Na avaliação do parlamentar, se a convenção extraordinária for mesmo realizada hoje, ela será ilegal por não cumprir as regras estatutárias de recolhimento de assinaturas e aprovação de pedido pelas instâncias superiores do partido. A questão, de toda maneira, dificilmente será resolvida sem a necessidade de envolvimento da Justiça Eleitoral, que terá julgar a validade da convenção caso ela se realize. A atual convenção estadual do partido no Rio já enfrenta ação que pede sua anulação no Tribunal Regional Eleitoral do estado.
– Há uma certa dose de impaciência desses grupos – critica Brizola Neto. – A comissão provisória foi instalada, vamos ter eleições.
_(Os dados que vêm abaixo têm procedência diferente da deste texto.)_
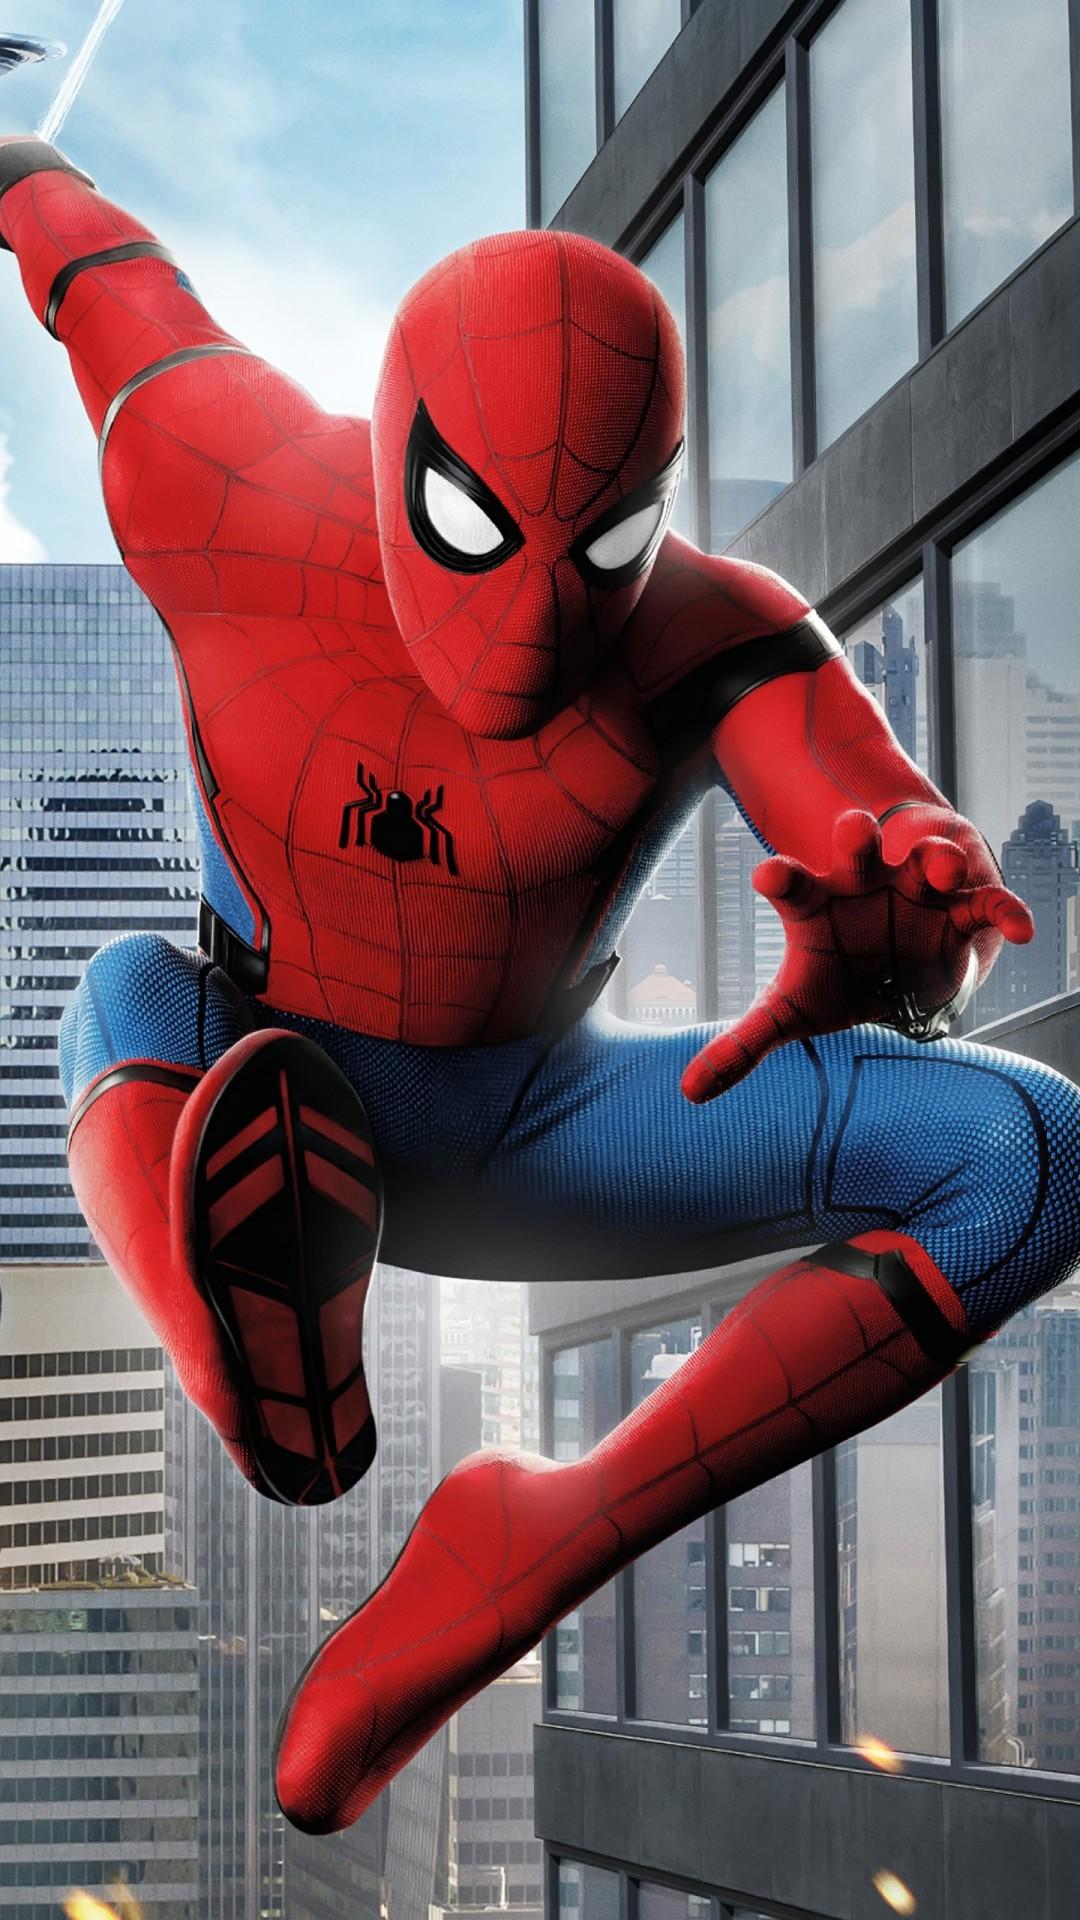 Spiderman Hd Wallpaper For Android - Spider Man Homecoming Hd - 1080x1920  Wallpaper

O que fizemos foi uma tentativa de acalmar os ânimos para dar tempo de organizar as zonais e evitar um processo eleitoral dentro do partido sem discussão política.
Antecedentes
Lupi está à frente do PDT desde 2004, quando o fundador e estrela maior do partido, o ex-governador do Rio de Janeiro, Leonel Brizola, faleceu. Desde 2007, após pressão da Comissão de Ética do Palácio do Planalto, que lhe recomendou não exercer simultaneamente a presidência do partido e o cargo de ministro, Lupi se licenciou do comando formal da legenda. Na prática, porém, continua exercendo grande influência sobre as decisões partidárias.
Os questionamentos em relação aos rumos que o ministro deu ao partido não são novos. No início de 2007, Lupi foi duramente criticado por pedetistas que se posicionaram contrários à adesão formal do partido ao governo Lula, embora a participação na coalizão governista tenha sido aprovada por ampla maioria do diretório nacional. No final do mesmo ano, foi a vez do senador Osmar Dias (PDT-PR), ameaçado de expulsão por não concordar em votar favoravelmente à prorrogação da Contribuição Provisória sobre Movimentação Financeira (CPMF), se estranhar com o ministro.
Luz no fim do túnel
Ao menos no Rio de Janeiro, contudo, os rachas internos podem estar com os dias contados. O motivo: as eleições de 2010. Atualmente, o partido, em quase sua totalidade, está insatisfeito com o governador Sérgio Cabral. Líderes da legenda não escondem a irritação com a decisão de Cabral de interromper a construção de um memorial em homenagem a Brizola e questionam a política de segurança pública do governo, vista como truculenta pelos pedetistas, especialmente se comparada com o modelo implantado enquanto Brizola esteve na chefia do governo estadual. A leitura é de que o receio de que nenhuma outra candidatura surja dos partidos que hoje compõem a base de Cabral pode levar a legenda a se unir em torno da candidatura do deputado estadual Wagner Montes, hoje um dos nomes mais bem posicionados em pesquisas de intenção de voto para o governo estadual.